**Records to use:**

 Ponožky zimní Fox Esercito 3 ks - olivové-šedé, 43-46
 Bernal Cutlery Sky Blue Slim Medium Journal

==

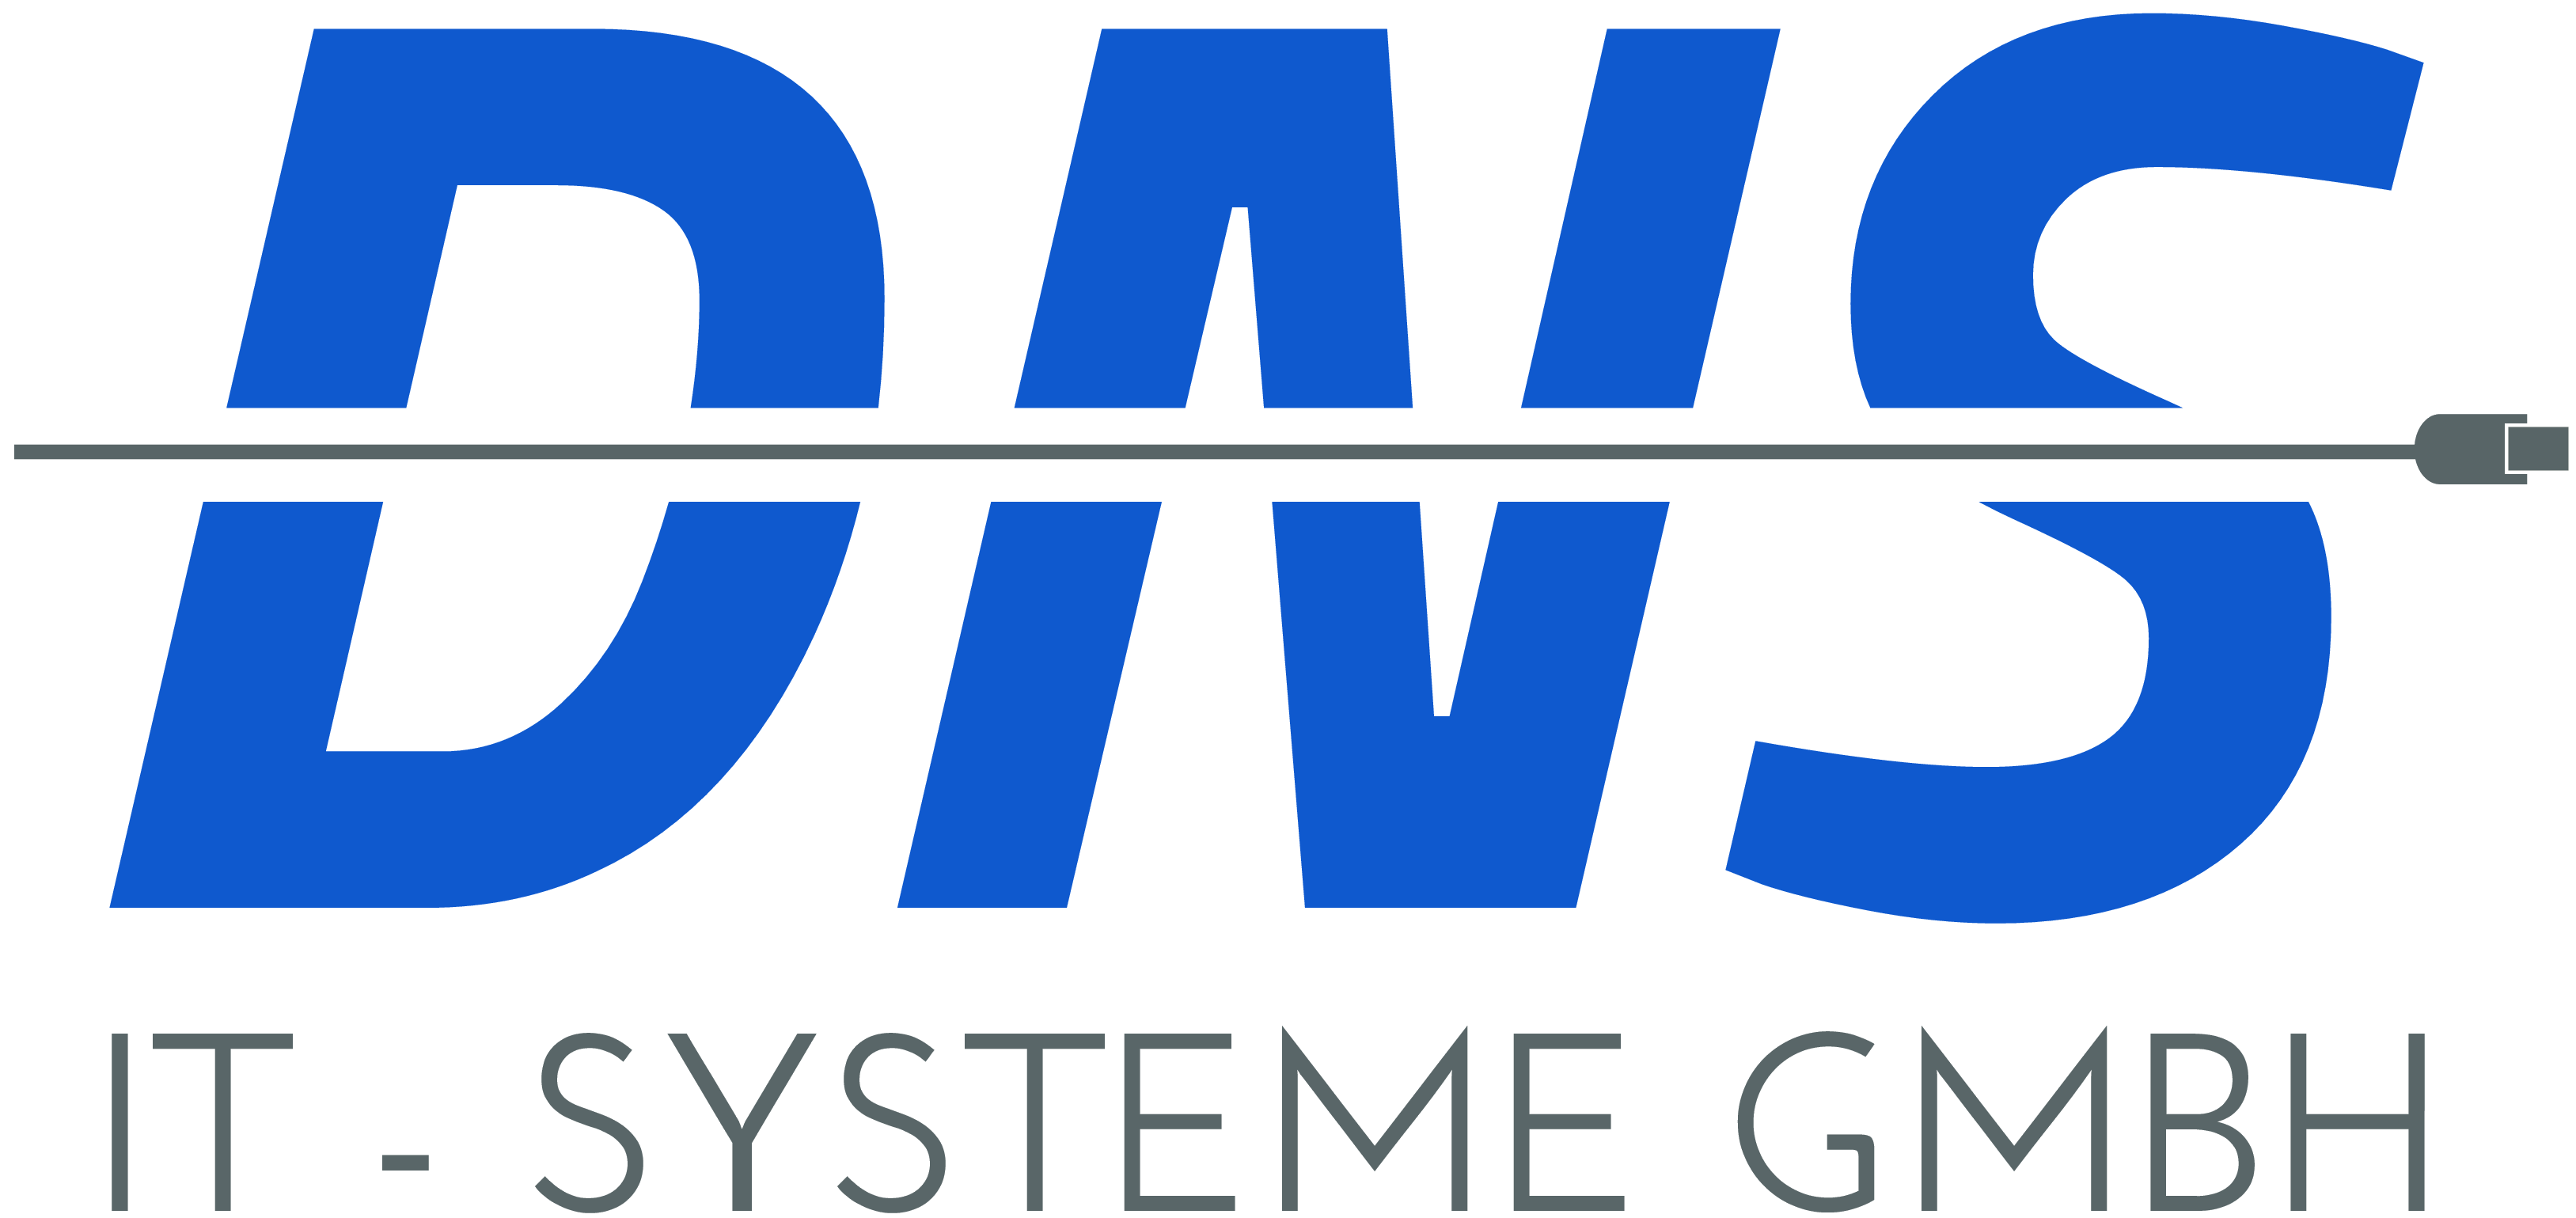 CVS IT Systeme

**What you should do:** Beginning with the line that has "Ponožky zimní Fox" and ending with the line that has "Bernal Cutlery Sky Blue Slim Medium Journal", set down the lines above exactly and include no others.

**Reply:**
 Ponožky zimní Fox Esercito 3 ks - olivové-šedé, 43-46
 Bernal Cutlery Sky Blue Slim Medium Journal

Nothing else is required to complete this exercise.